With the exception of the pictures, transcribe the entire listing exactly.

# [Data below]
= = =

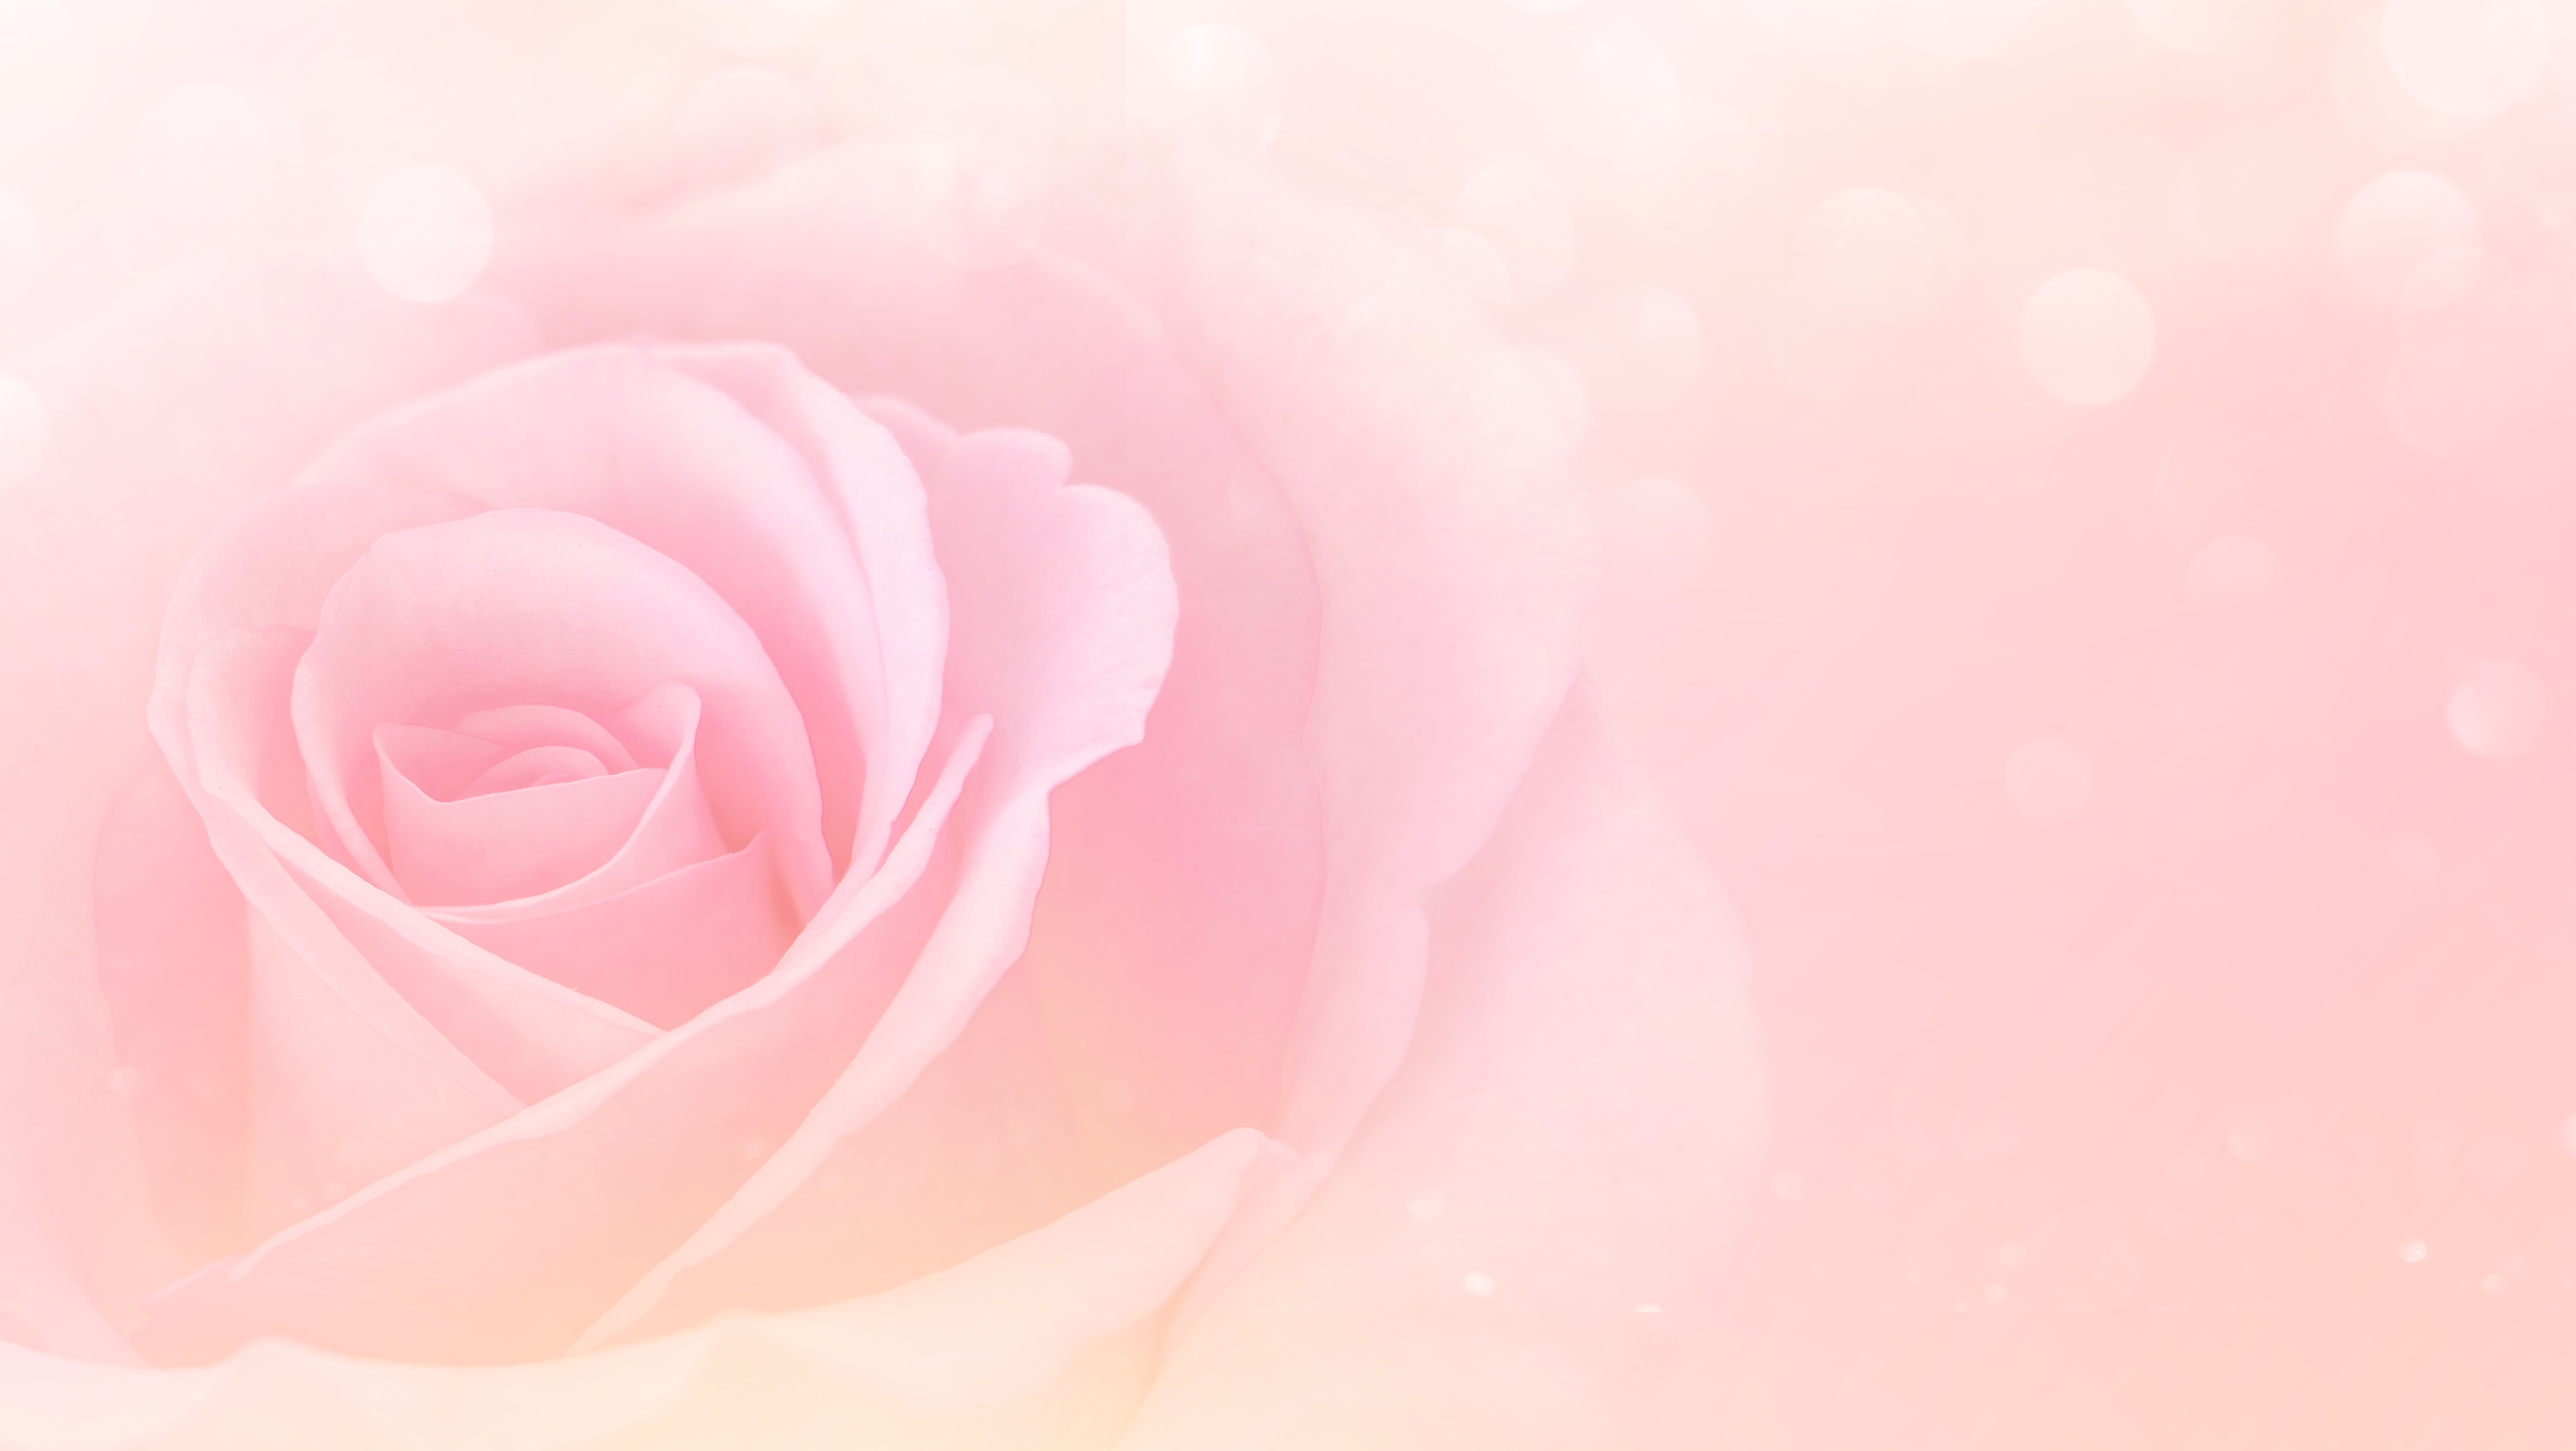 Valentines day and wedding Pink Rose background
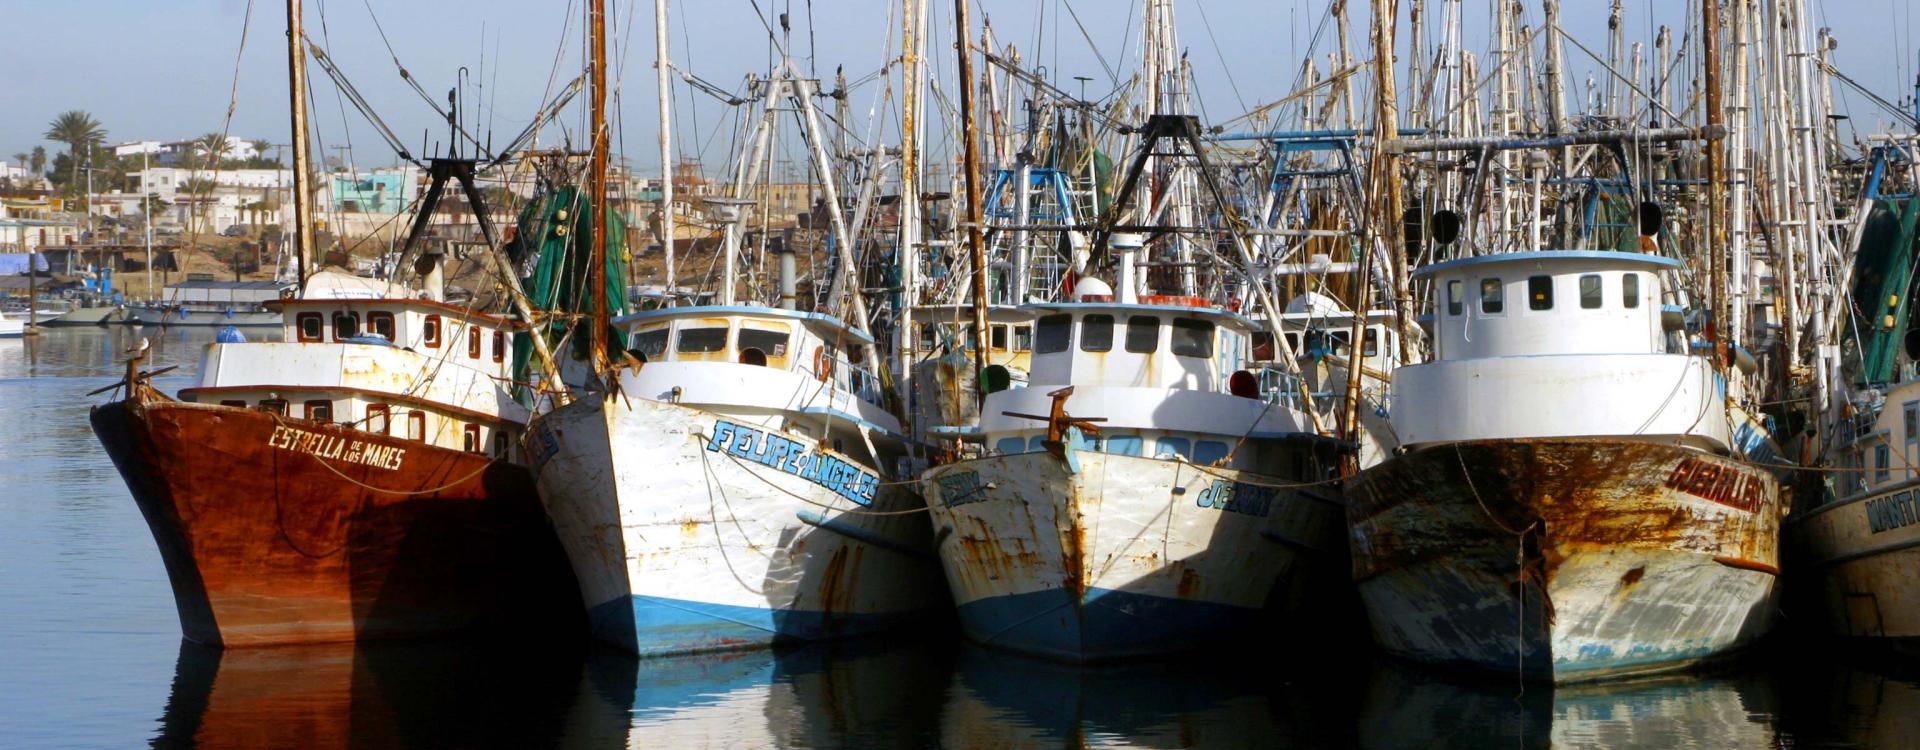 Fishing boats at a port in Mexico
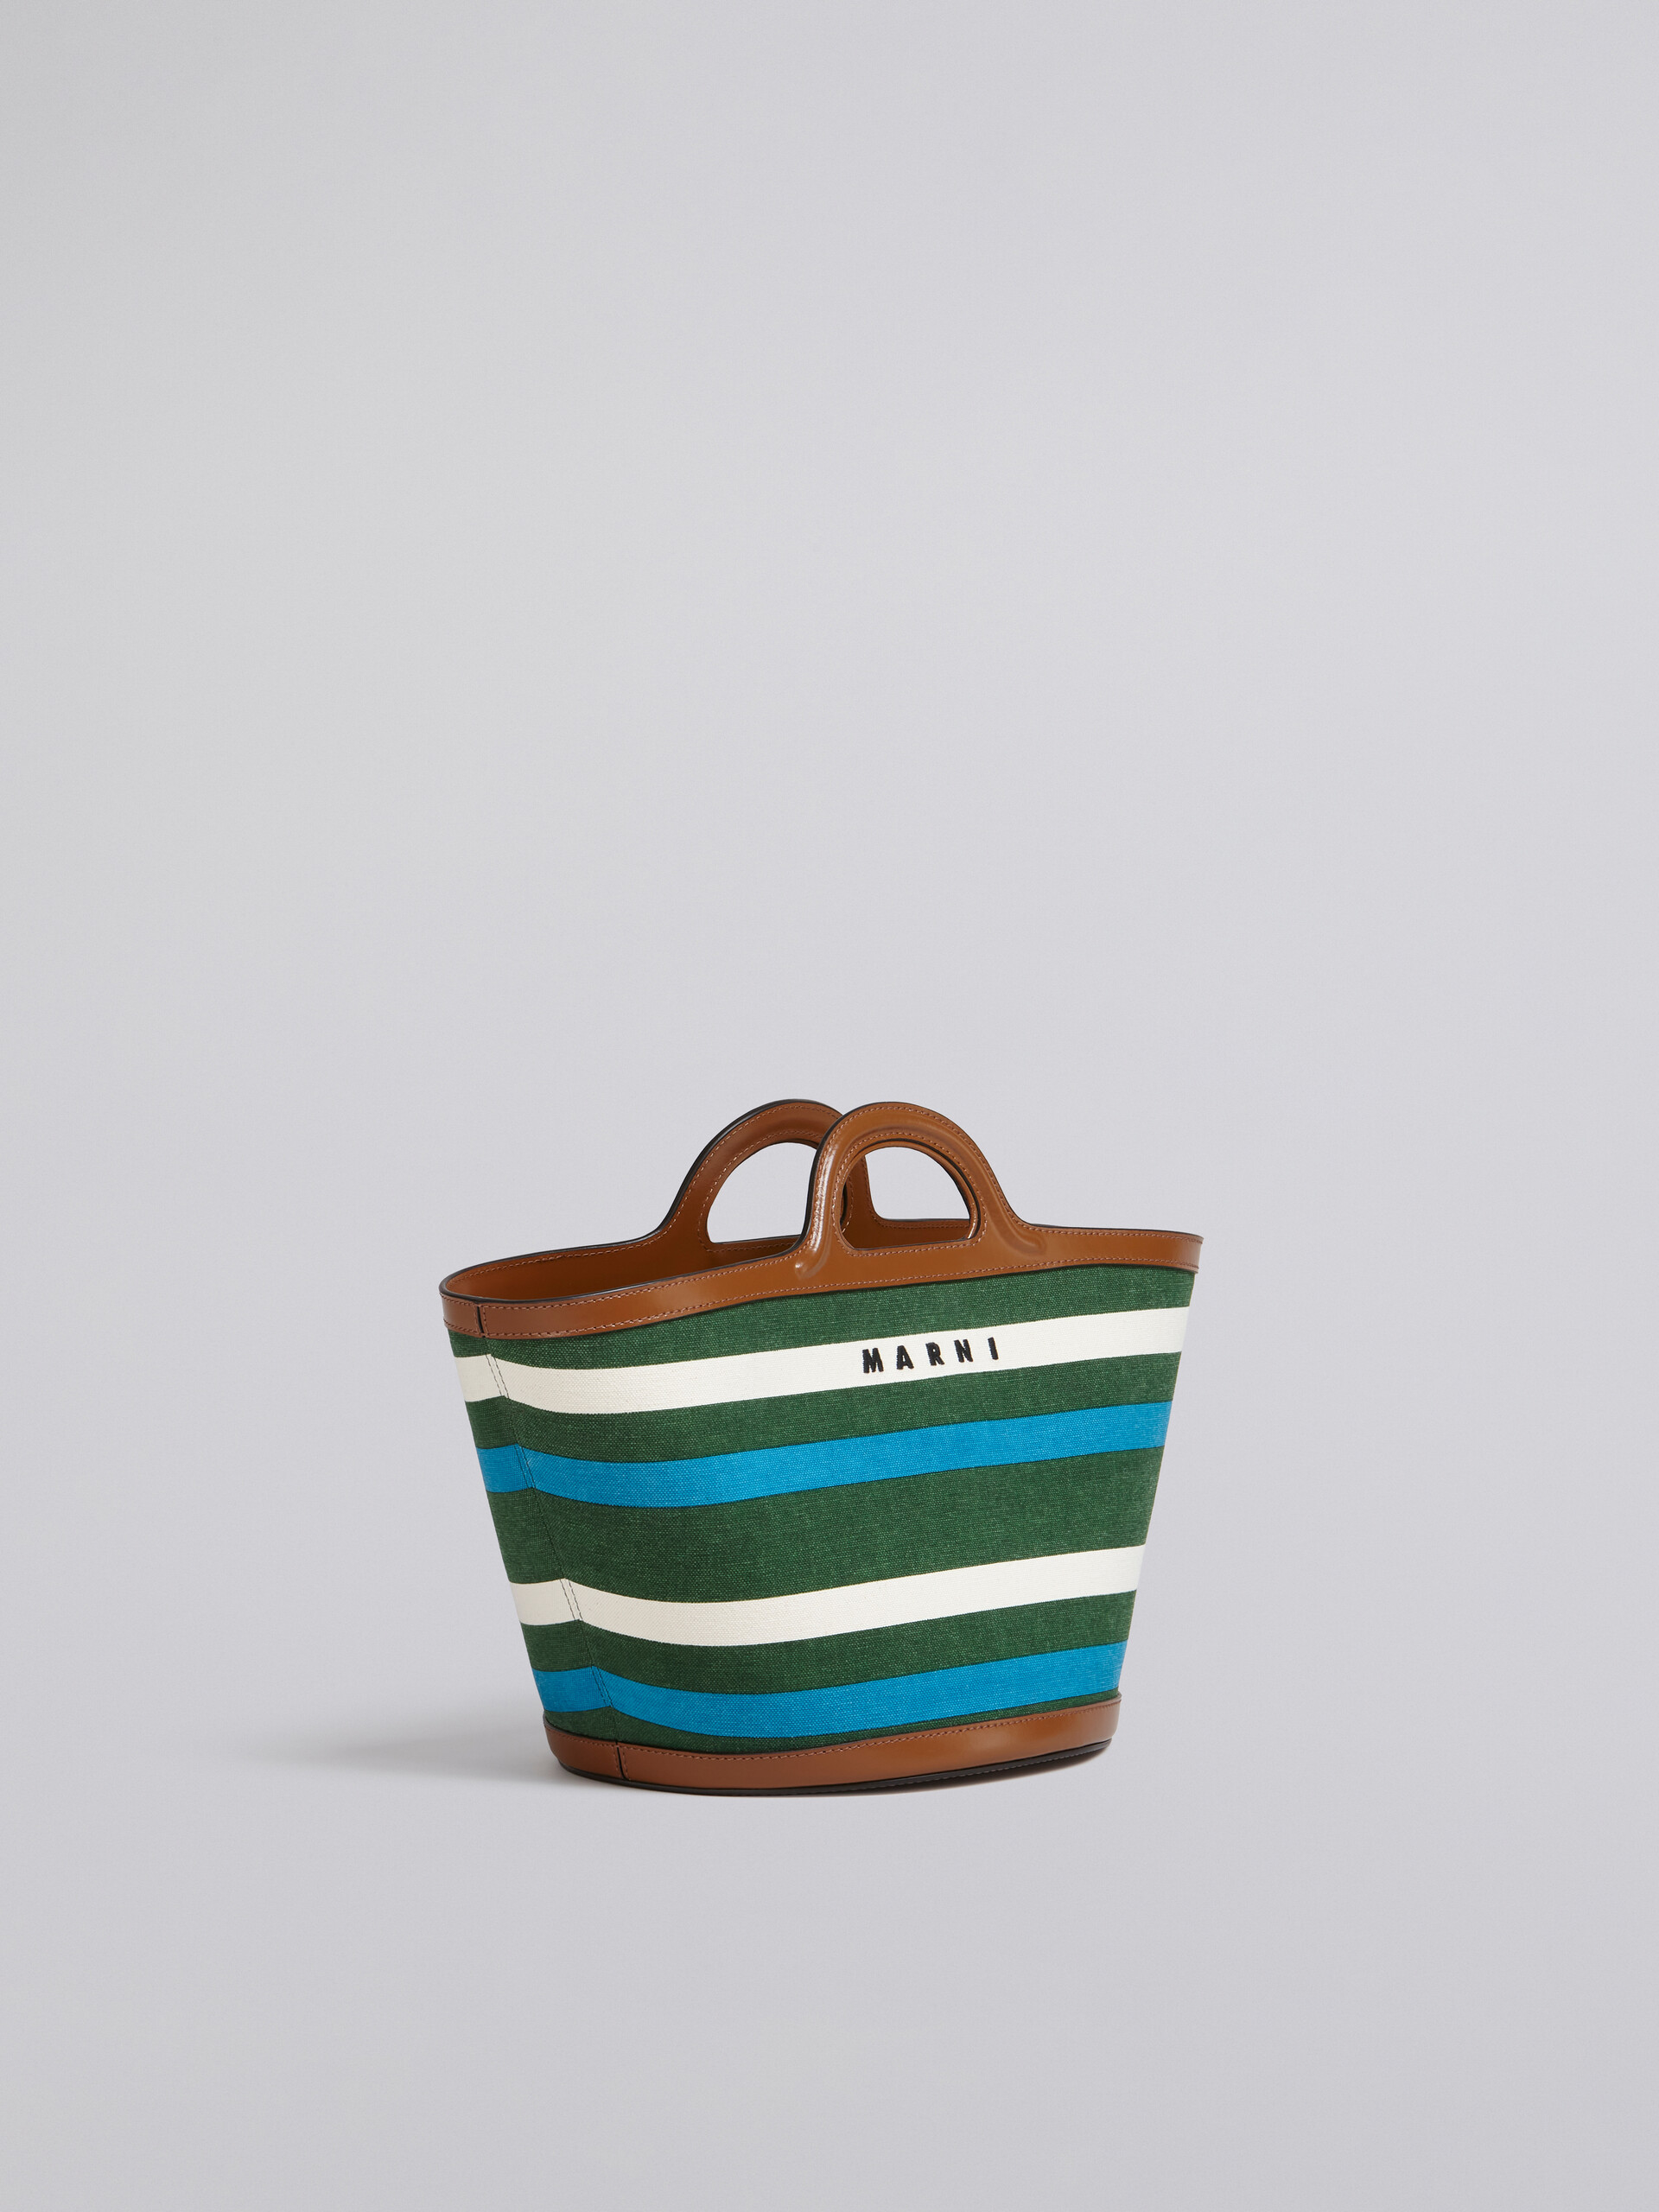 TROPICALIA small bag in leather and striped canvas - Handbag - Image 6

= = =

# [Response for this exercise]
 Valentines day and wedding Pink Rose background
 Fishing boats at a port in Mexico
 TROPICALIA small bag in leather and striped canvas - Handbag - Image 6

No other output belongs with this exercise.